Nigerian businessman Walter Wagbatsoma, 47, was on Wednesday sentenced to three years and six months imprisonment for money laundering in the United Kingdom.
Wagbatsoma was also disqualified from being a company director for six years.
According to Lincolnshire police, he fraudulently obtained funds in the UK and where laundered through an account in Dubai under the control of a co-conspirator Oluwatoyin Allison, a UK national who was convicted in his absence at an earlier trial in April 2017 and sentenced to seven years imprisonment.
The funds were then transferred to Wagbatsoma’s account in the UK.
Following a trial at Leicester Crown Court a thirteenth defendant has been convicted of conspiracy to launder money in an international fraud and money laundering investigation.
This investigation was conducted by Lincolnshire Police Economic Crime Unit under Operation Tarlac, in which over £12m was defrauded from public bodies including hospital trusts, housing associations and councils around the UK.
Walter Wagbatsoma, 47, was originally detained on a European Arrest Warrant in June 2016 whilst travelling through Germany. He was extradited soon afterwards and charged with conspiring with others to launder the proceeds of fraud through his business interests in the UK.
Wagbatsoma, an oil and gas businessman, was on trial in Nigeria at the time of his arrest for his part in a £1.9 billion oil subsidy fraud for which he was convicted and sentenced in his absence to 10-years imprisonment in January last year.

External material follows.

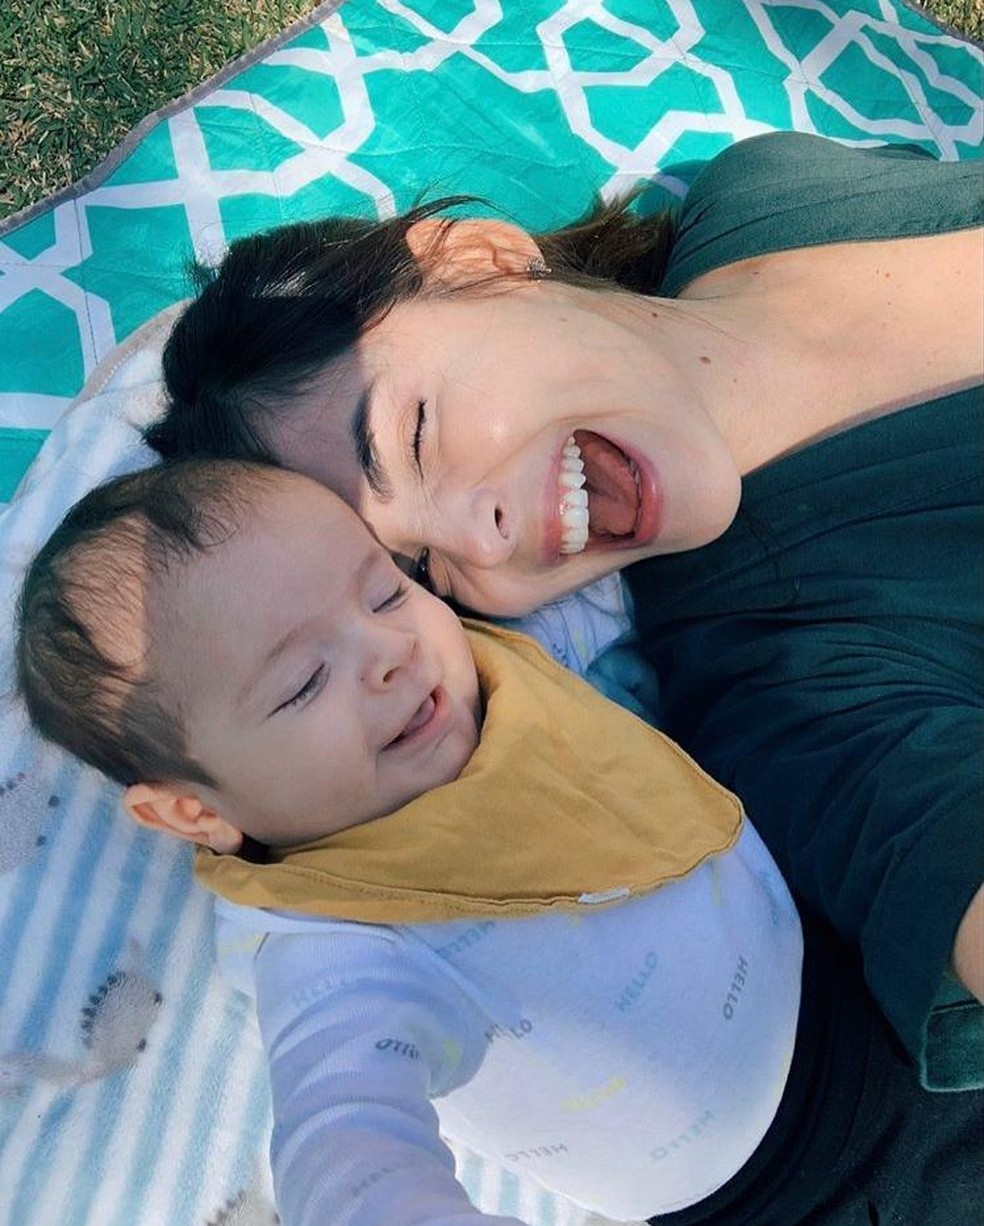 O pequeno é fruto do relacionamento entre Titi Muller e Tomás Bertoni. (Foto: Instagram)

This is the third criminal trial for this operation and follows the successful conviction of 12 other defendants in the investigation which began with a complaint of fraud from Lincolnshire Partnership Foundation Trust in September 2011, in which £1.28m was fraudulently obtained by the gang.
Subsequently, a further 20 linked offences was identified resulting in losses of £12.6m.
After a four-year investigation, those convicted have received prison sentences in excess of 50-years and proceedings are underway to recover the gains of the conspiracy under the Proceeds of Crime Act.
This is to make sure that victims can in some way be recompensed for what the Judge described as a “sophisticated and widespread fraud in its conception and execution.”